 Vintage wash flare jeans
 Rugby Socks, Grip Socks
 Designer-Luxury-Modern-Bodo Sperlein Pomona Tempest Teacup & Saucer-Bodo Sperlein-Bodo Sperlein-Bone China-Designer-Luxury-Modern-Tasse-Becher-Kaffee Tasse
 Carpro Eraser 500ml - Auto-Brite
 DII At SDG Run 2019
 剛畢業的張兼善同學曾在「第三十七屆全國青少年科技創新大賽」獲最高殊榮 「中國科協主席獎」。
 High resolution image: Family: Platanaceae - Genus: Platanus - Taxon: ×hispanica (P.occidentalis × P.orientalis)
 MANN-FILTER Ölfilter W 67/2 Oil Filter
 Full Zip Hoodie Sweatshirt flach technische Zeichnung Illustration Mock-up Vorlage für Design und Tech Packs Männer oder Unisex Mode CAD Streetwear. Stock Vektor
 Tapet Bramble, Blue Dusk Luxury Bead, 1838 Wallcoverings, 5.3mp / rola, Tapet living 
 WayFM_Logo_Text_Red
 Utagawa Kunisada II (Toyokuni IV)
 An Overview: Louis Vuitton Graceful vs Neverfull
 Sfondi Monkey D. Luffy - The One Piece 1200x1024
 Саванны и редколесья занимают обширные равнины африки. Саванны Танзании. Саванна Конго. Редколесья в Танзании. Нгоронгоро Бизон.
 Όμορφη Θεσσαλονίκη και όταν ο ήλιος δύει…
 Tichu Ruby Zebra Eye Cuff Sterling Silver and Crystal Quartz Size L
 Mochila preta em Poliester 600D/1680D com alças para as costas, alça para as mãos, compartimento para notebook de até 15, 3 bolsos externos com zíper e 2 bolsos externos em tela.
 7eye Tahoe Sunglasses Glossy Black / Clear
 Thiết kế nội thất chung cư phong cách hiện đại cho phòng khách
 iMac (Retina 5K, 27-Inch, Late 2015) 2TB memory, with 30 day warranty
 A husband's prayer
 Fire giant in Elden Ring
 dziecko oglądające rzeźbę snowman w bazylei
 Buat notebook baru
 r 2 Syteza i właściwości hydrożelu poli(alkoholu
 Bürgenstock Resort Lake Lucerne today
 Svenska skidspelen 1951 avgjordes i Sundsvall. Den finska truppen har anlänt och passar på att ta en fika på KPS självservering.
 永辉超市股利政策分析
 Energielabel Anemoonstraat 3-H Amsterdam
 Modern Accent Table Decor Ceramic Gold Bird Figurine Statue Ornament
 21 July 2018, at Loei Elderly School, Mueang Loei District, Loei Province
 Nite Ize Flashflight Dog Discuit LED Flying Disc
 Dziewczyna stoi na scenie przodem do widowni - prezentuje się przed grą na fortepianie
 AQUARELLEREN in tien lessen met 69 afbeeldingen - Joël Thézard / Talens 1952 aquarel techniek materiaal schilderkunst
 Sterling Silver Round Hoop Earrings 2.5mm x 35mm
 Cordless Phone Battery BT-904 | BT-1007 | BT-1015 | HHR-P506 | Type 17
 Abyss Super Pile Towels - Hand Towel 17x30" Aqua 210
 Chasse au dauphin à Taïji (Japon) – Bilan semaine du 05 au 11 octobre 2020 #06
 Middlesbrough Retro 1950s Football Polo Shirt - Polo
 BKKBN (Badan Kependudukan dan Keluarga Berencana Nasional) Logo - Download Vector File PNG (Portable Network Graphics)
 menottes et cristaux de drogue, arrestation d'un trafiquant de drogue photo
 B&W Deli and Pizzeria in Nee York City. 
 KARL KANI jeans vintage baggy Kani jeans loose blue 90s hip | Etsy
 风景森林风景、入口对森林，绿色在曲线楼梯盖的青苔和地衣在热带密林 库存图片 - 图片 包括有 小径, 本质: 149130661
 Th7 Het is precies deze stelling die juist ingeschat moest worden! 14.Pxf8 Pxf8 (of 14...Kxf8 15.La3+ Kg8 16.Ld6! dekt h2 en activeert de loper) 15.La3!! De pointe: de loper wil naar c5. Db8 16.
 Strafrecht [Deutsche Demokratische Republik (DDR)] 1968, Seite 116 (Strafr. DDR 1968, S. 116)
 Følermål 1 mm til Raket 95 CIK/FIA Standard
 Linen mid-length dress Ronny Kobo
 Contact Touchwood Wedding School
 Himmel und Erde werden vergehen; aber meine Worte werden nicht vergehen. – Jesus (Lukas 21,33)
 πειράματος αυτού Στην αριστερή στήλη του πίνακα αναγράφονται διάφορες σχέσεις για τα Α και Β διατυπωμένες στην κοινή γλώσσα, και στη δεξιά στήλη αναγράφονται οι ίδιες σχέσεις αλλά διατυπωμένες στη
--*--
Filter the listing above so that only lines holding the word "Modern" remain, and report those lines.

 Designer-Luxury-Modern-Bodo Sperlein Pomona Tempest Teacup & Saucer-Bodo Sperlein-Bodo Sperlein-Bone China-Designer-Luxury-Modern-Tasse-Becher-Kaffee Tasse
 Modern Accent Table Decor Ceramic Gold Bird Figurine Statue Ornament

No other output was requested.